TASK GOAL →
Output the full listing below exactly; the images stay out.

COLLECTED MATERIAL →
BEGIN
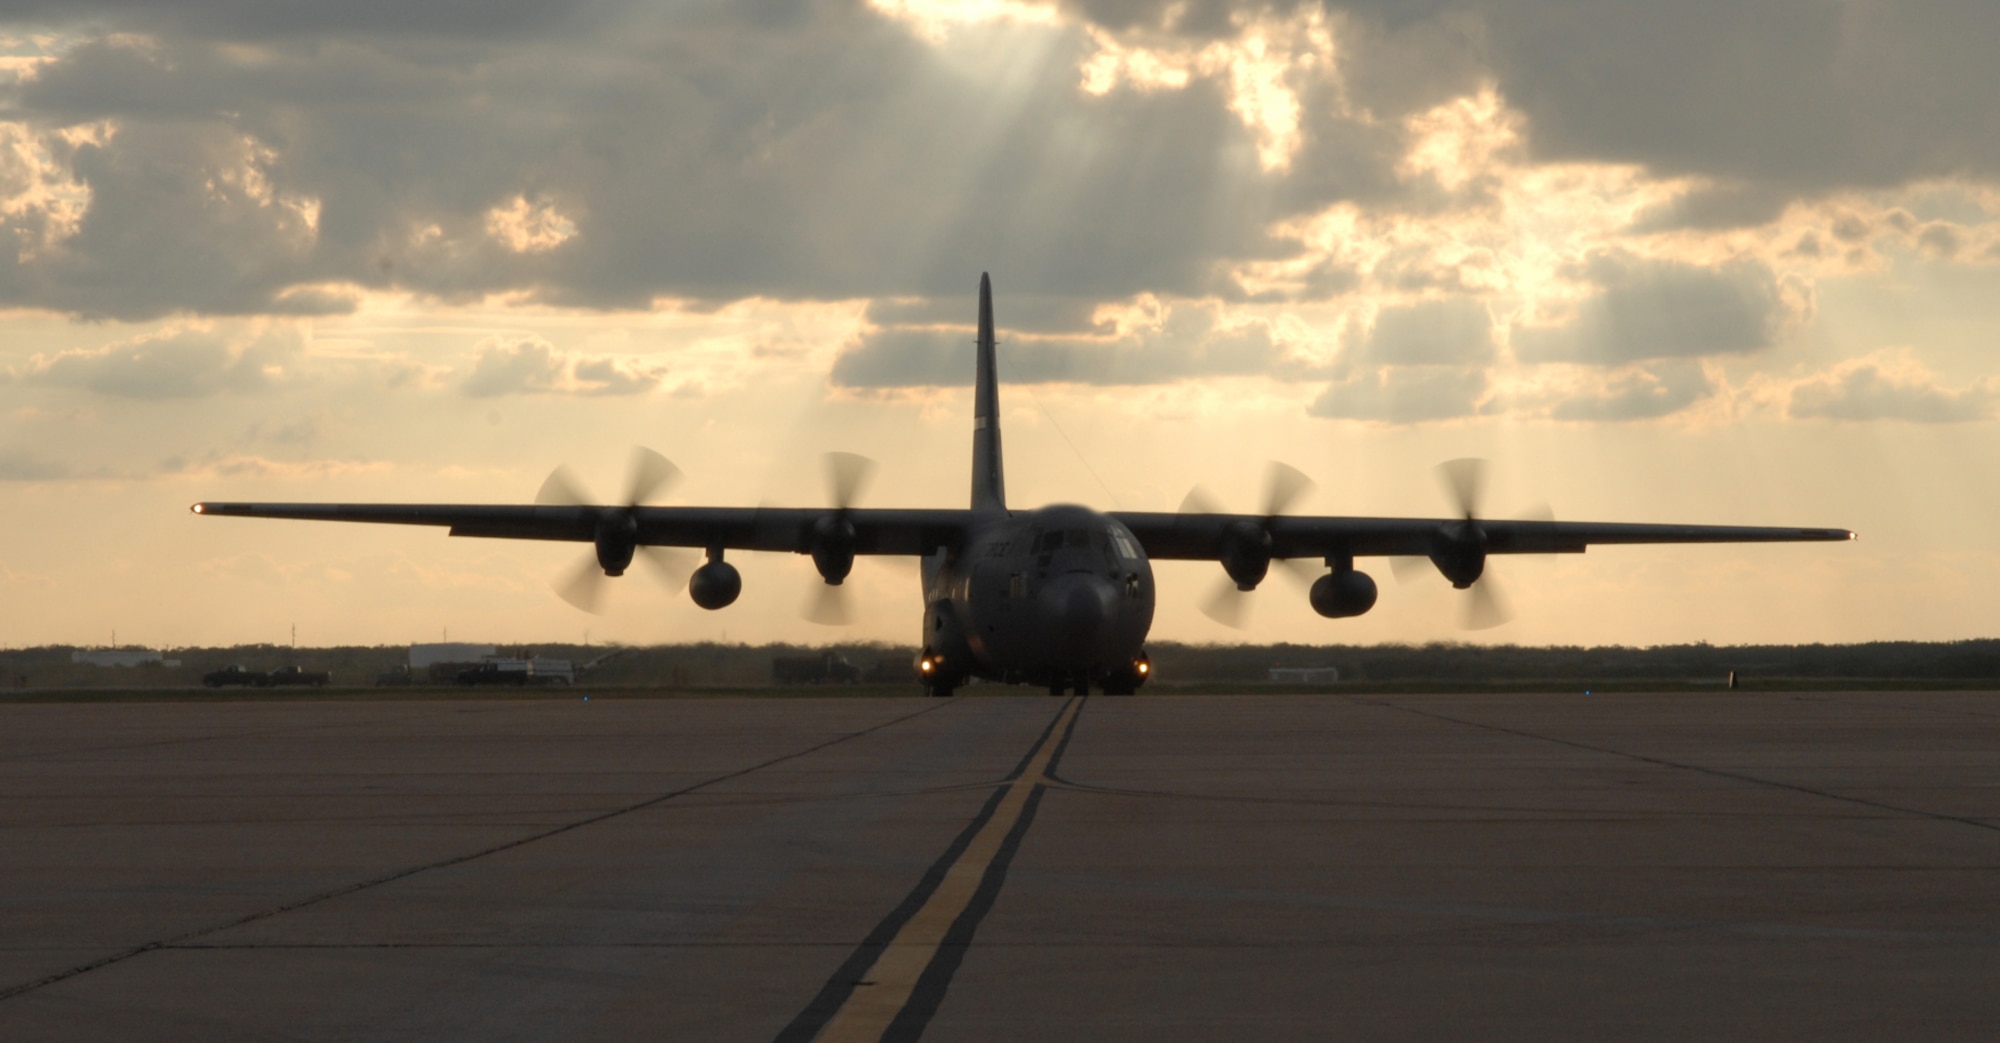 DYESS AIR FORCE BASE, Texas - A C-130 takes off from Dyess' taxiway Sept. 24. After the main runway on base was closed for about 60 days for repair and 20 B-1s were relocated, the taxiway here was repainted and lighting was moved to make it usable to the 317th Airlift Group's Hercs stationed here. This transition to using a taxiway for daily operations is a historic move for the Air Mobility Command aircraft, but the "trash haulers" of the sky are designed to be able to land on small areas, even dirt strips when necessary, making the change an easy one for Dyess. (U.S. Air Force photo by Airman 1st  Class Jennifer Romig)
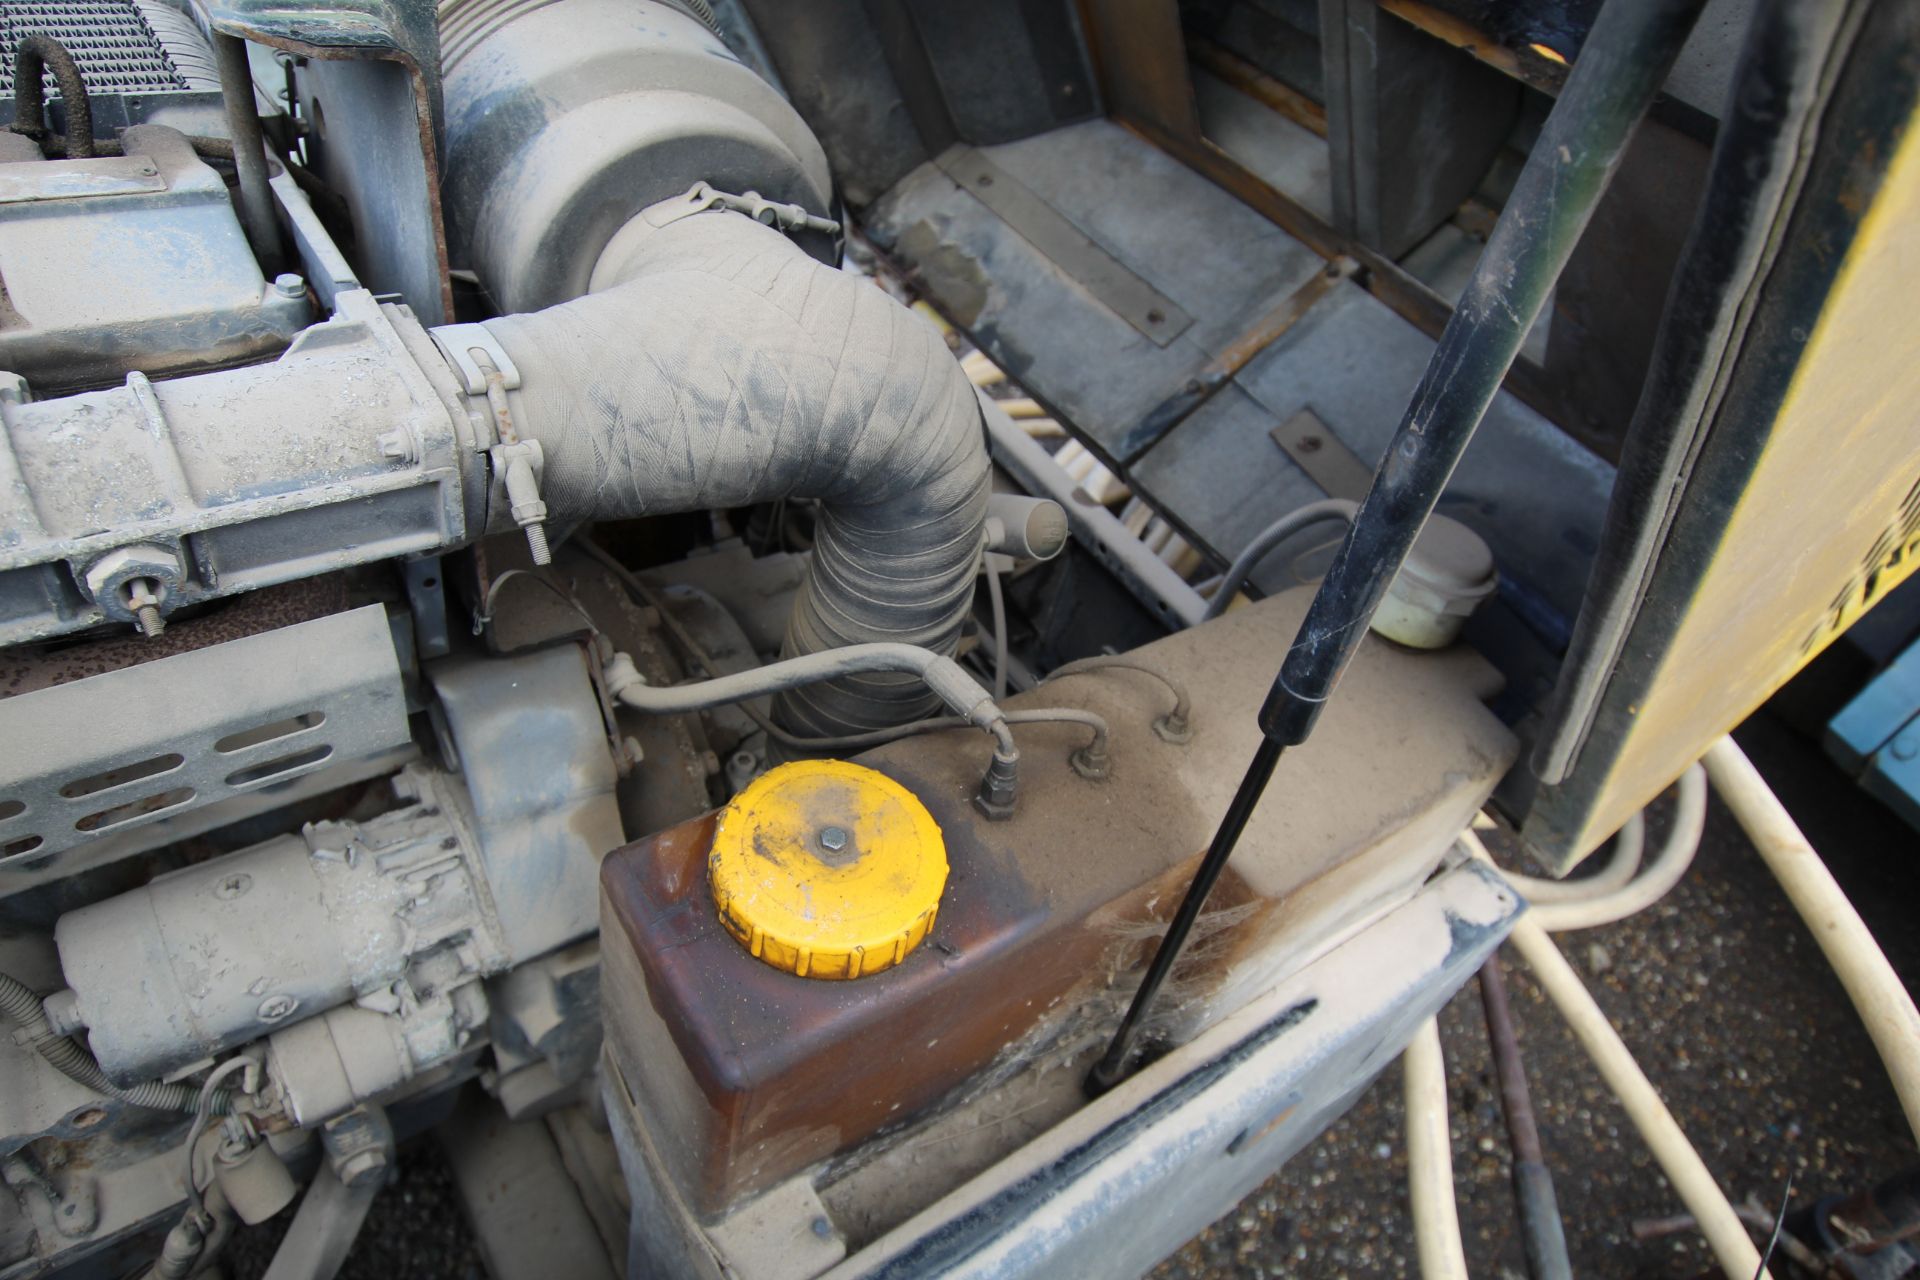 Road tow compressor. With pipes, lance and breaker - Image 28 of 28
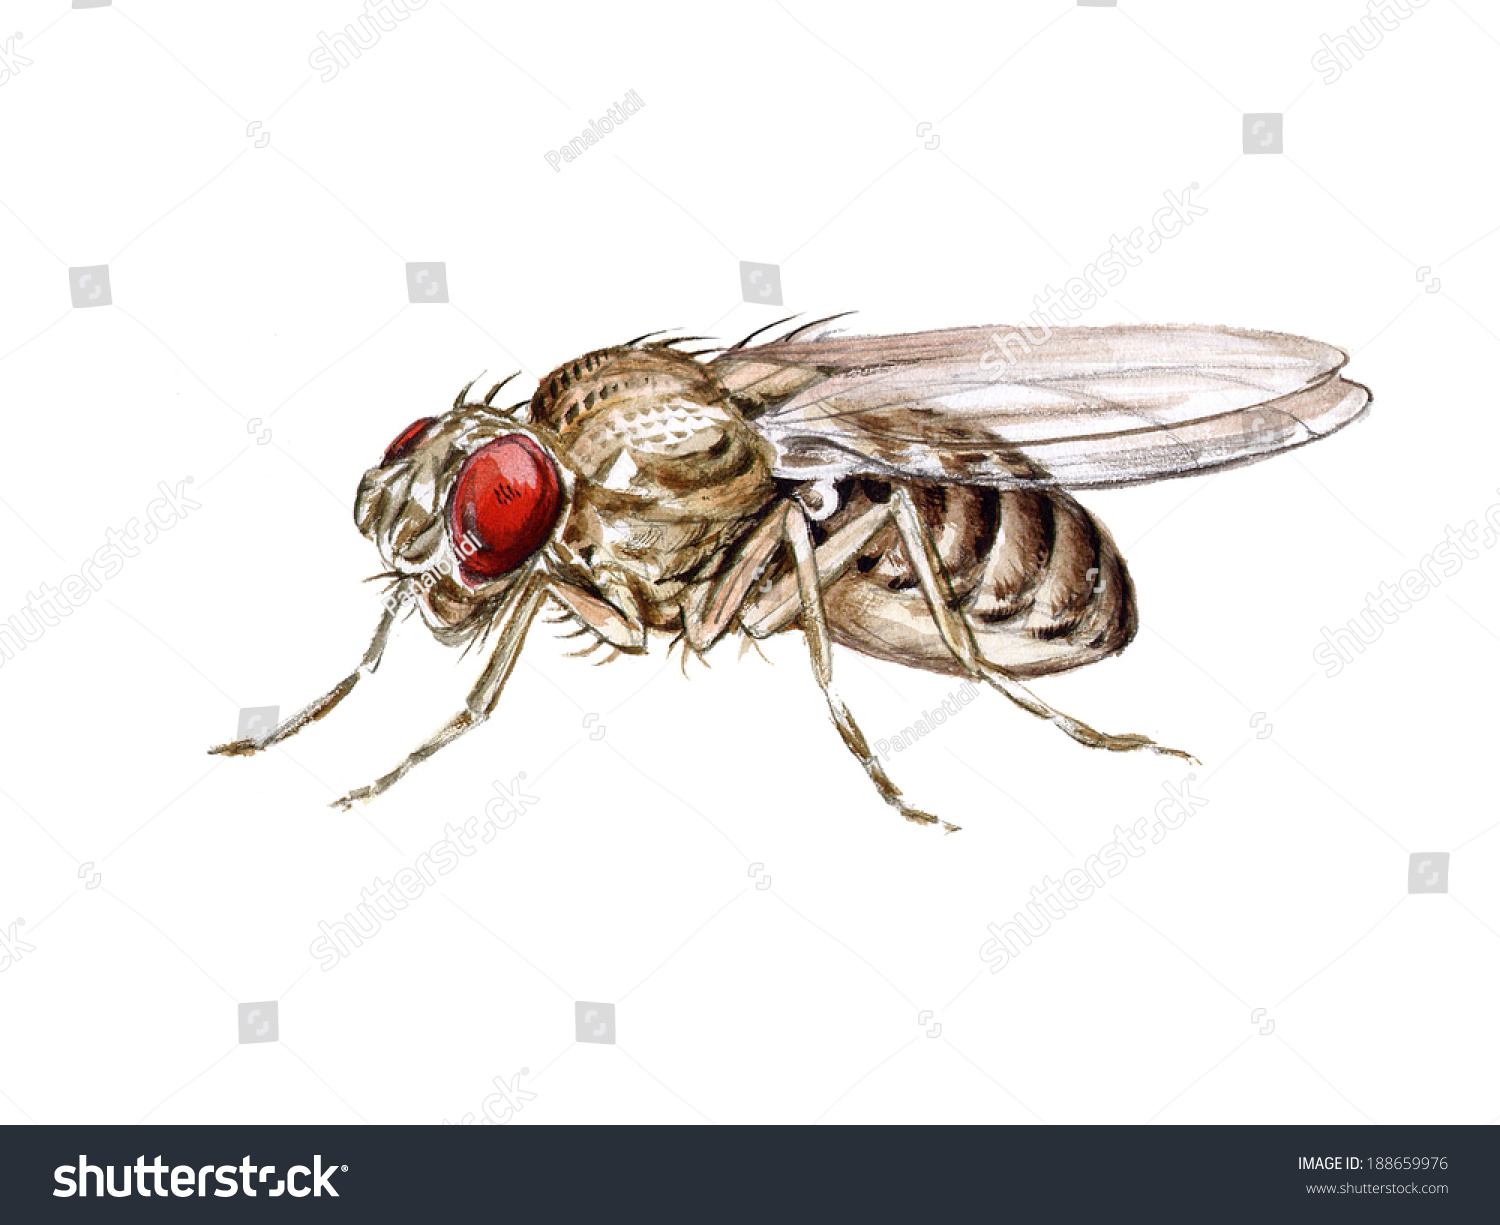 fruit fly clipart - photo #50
END
TASK RESPONSE →
 DYESS AIR FORCE BASE, Texas - A C-130 takes off from Dyess' taxiway Sept. 24. After the main runway on base was closed for about 60 days for repair and 20 B-1s were relocated, the taxiway here was repainted and lighting was moved to make it usable to the 317th Airlift Group's Hercs stationed here. This transition to using a taxiway for daily operations is a historic move for the Air Mobility Command aircraft, but the "trash haulers" of the sky are designed to be able to land on small areas, even dirt strips when necessary, making the change an easy one for Dyess. (U.S. Air Force photo by Airman 1st  Class Jennifer Romig)
 Road tow compressor. With pipes, lance and breaker - Image 28 of 28
 fruit fly clipart - photo #50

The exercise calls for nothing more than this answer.